Repeat the data in full. Every line must match.

Entries taken from a collection:
==============================

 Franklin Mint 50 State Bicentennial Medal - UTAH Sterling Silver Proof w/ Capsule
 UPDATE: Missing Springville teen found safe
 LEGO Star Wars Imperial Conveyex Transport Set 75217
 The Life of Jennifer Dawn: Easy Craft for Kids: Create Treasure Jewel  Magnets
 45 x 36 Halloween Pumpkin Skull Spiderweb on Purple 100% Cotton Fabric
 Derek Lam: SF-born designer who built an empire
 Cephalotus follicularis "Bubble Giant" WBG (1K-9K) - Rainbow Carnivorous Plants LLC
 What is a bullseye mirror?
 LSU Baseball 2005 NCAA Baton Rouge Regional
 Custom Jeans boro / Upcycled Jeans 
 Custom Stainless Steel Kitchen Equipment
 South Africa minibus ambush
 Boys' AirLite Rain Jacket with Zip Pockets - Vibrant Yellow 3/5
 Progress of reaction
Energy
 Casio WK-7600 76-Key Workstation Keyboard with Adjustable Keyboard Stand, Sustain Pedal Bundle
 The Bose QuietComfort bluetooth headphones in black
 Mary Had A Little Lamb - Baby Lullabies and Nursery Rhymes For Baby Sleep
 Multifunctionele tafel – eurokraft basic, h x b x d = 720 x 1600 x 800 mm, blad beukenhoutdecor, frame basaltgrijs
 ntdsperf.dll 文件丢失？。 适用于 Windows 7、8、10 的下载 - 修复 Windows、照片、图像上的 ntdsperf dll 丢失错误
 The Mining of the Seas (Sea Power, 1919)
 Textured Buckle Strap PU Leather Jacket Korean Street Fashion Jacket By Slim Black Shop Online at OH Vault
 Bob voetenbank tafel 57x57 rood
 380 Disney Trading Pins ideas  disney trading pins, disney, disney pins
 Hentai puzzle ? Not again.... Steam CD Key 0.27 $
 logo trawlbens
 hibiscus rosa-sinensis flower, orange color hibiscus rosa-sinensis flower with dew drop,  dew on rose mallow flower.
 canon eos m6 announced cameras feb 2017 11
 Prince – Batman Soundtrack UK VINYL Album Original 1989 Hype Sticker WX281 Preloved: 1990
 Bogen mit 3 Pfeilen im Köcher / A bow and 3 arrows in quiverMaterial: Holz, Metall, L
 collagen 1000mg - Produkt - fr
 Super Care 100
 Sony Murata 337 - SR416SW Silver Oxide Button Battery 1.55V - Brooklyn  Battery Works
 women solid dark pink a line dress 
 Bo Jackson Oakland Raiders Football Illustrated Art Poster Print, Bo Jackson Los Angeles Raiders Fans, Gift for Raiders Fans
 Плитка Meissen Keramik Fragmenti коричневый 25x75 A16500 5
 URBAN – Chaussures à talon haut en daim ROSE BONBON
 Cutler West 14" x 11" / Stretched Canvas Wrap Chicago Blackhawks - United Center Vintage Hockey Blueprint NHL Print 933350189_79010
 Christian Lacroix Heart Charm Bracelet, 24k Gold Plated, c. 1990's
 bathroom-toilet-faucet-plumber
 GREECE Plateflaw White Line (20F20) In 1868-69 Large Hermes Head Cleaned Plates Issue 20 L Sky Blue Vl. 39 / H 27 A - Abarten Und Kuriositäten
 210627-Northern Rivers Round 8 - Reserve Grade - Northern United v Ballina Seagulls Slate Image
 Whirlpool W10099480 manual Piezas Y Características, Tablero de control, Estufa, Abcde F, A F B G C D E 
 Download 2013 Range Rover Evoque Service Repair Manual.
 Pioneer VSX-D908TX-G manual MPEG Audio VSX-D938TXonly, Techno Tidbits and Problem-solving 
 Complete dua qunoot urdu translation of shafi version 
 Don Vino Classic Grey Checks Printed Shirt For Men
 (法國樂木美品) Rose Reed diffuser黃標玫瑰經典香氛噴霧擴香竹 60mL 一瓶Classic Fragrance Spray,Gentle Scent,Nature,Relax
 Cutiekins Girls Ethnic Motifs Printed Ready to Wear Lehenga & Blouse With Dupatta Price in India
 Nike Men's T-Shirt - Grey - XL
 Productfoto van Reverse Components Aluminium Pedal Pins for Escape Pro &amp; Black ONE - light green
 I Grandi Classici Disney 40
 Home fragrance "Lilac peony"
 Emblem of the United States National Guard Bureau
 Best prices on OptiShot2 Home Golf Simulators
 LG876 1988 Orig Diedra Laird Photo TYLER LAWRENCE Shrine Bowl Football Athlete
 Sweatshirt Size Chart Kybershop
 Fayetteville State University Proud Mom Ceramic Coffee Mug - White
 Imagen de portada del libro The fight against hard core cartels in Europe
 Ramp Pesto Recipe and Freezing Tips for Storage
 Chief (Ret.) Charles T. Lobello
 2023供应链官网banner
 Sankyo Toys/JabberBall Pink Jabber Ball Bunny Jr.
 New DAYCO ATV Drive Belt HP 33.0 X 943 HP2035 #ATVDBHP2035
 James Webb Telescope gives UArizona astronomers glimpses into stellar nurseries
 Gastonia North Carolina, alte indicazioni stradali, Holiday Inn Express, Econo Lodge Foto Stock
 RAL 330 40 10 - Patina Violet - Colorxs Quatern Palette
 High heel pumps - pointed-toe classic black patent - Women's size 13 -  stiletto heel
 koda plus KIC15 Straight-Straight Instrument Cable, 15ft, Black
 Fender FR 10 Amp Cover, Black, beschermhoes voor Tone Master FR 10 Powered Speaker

==============================

- _OUTPUT FOR THIS TASK_
 Franklin Mint 50 State Bicentennial Medal - UTAH Sterling Silver Proof w/ Capsule
 UPDATE: Missing Springville teen found safe
 LEGO Star Wars Imperial Conveyex Transport Set 75217
 The Life of Jennifer Dawn: Easy Craft for Kids: Create Treasure Jewel  Magnets
 45 x 36 Halloween Pumpkin Skull Spiderweb on Purple 100% Cotton Fabric
 Derek Lam: SF-born designer who built an empire
 Cephalotus follicularis "Bubble Giant" WBG (1K-9K) - Rainbow Carnivorous Plants LLC
 What is a bullseye mirror?
 LSU Baseball 2005 NCAA Baton Rouge Regional
 Custom Jeans boro / Upcycled Jeans 
 Custom Stainless Steel Kitchen Equipment
 South Africa minibus ambush
 Boys' AirLite Rain Jacket with Zip Pockets - Vibrant Yellow 3/5
 Progress of reaction
Energy
 Casio WK-7600 76-Key Workstation Keyboard with Adjustable Keyboard Stand, Sustain Pedal Bundle
 The Bose QuietComfort bluetooth headphones in black
 Mary Had A Little Lamb - Baby Lullabies and Nursery Rhymes For Baby Sleep
 Multifunctionele tafel – eurokraft basic, h x b x d = 720 x 1600 x 800 mm, blad beukenhoutdecor, frame basaltgrijs
 ntdsperf.dll 文件丢失？。 适用于 Windows 7、8、10 的下载 - 修复 Windows、照片、图像上的 ntdsperf dll 丢失错误
 The Mining of the Seas (Sea Power, 1919)
 Textured Buckle Strap PU Leather Jacket Korean Street Fashion Jacket By Slim Black Shop Online at OH Vault
 Bob voetenbank tafel 57x57 rood
 380 Disney Trading Pins ideas  disney trading pins, disney, disney pins
 Hentai puzzle ? Not again.... Steam CD Key 0.27 $
 logo trawlbens
 hibiscus rosa-sinensis flower, orange color hibiscus rosa-sinensis flower with dew drop,  dew on rose mallow flower.
 canon eos m6 announced cameras feb 2017 11
 Prince – Batman Soundtrack UK VINYL Album Original 1989 Hype Sticker WX281 Preloved: 1990
 Bogen mit 3 Pfeilen im Köcher / A bow and 3 arrows in quiverMaterial: Holz, Metall, L
 collagen 1000mg - Produkt - fr
 Super Care 100
 Sony Murata 337 - SR416SW Silver Oxide Button Battery 1.55V - Brooklyn  Battery Works
 women solid dark pink a line dress 
 Bo Jackson Oakland Raiders Football Illustrated Art Poster Print, Bo Jackson Los Angeles Raiders Fans, Gift for Raiders Fans
 Плитка Meissen Keramik Fragmenti коричневый 25x75 A16500 5
 URBAN – Chaussures à talon haut en daim ROSE BONBON
 Cutler West 14" x 11" / Stretched Canvas Wrap Chicago Blackhawks - United Center Vintage Hockey Blueprint NHL Print 933350189_79010
 Christian Lacroix Heart Charm Bracelet, 24k Gold Plated, c. 1990's
 bathroom-toilet-faucet-plumber
 GREECE Plateflaw White Line (20F20) In 1868-69 Large Hermes Head Cleaned Plates Issue 20 L Sky Blue Vl. 39 / H 27 A - Abarten Und Kuriositäten
 210627-Northern Rivers Round 8 - Reserve Grade - Northern United v Ballina Seagulls Slate Image
 Whirlpool W10099480 manual Piezas Y Características, Tablero de control, Estufa, Abcde F, A F B G C D E 
 Download 2013 Range Rover Evoque Service Repair Manual.
 Pioneer VSX-D908TX-G manual MPEG Audio VSX-D938TXonly, Techno Tidbits and Problem-solving 
 Complete dua qunoot urdu translation of shafi version 
 Don Vino Classic Grey Checks Printed Shirt For Men
 (法國樂木美品) Rose Reed diffuser黃標玫瑰經典香氛噴霧擴香竹 60mL 一瓶Classic Fragrance Spray,Gentle Scent,Nature,Relax
 Cutiekins Girls Ethnic Motifs Printed Ready to Wear Lehenga & Blouse With Dupatta Price in India
 Nike Men's T-Shirt - Grey - XL
 Productfoto van Reverse Components Aluminium Pedal Pins for Escape Pro &amp; Black ONE - light green
 I Grandi Classici Disney 40
 Home fragrance "Lilac peony"
 Emblem of the United States National Guard Bureau
 Best prices on OptiShot2 Home Golf Simulators
 LG876 1988 Orig Diedra Laird Photo TYLER LAWRENCE Shrine Bowl Football Athlete
 Sweatshirt Size Chart Kybershop
 Fayetteville State University Proud Mom Ceramic Coffee Mug - White
 Imagen de portada del libro The fight against hard core cartels in Europe
 Ramp Pesto Recipe and Freezing Tips for Storage
 Chief (Ret.) Charles T. Lobello
 2023供应链官网banner
 Sankyo Toys/JabberBall Pink Jabber Ball Bunny Jr.
 New DAYCO ATV Drive Belt HP 33.0 X 943 HP2035 #ATVDBHP2035
 James Webb Telescope gives UArizona astronomers glimpses into stellar nurseries
 Gastonia North Carolina, alte indicazioni stradali, Holiday Inn Express, Econo Lodge Foto Stock
 RAL 330 40 10 - Patina Violet - Colorxs Quatern Palette
 High heel pumps - pointed-toe classic black patent - Women's size 13 -  stiletto heel
 koda plus KIC15 Straight-Straight Instrument Cable, 15ft, Black
 Fender FR 10 Amp Cover, Black, beschermhoes voor Tone Master FR 10 Powered Speaker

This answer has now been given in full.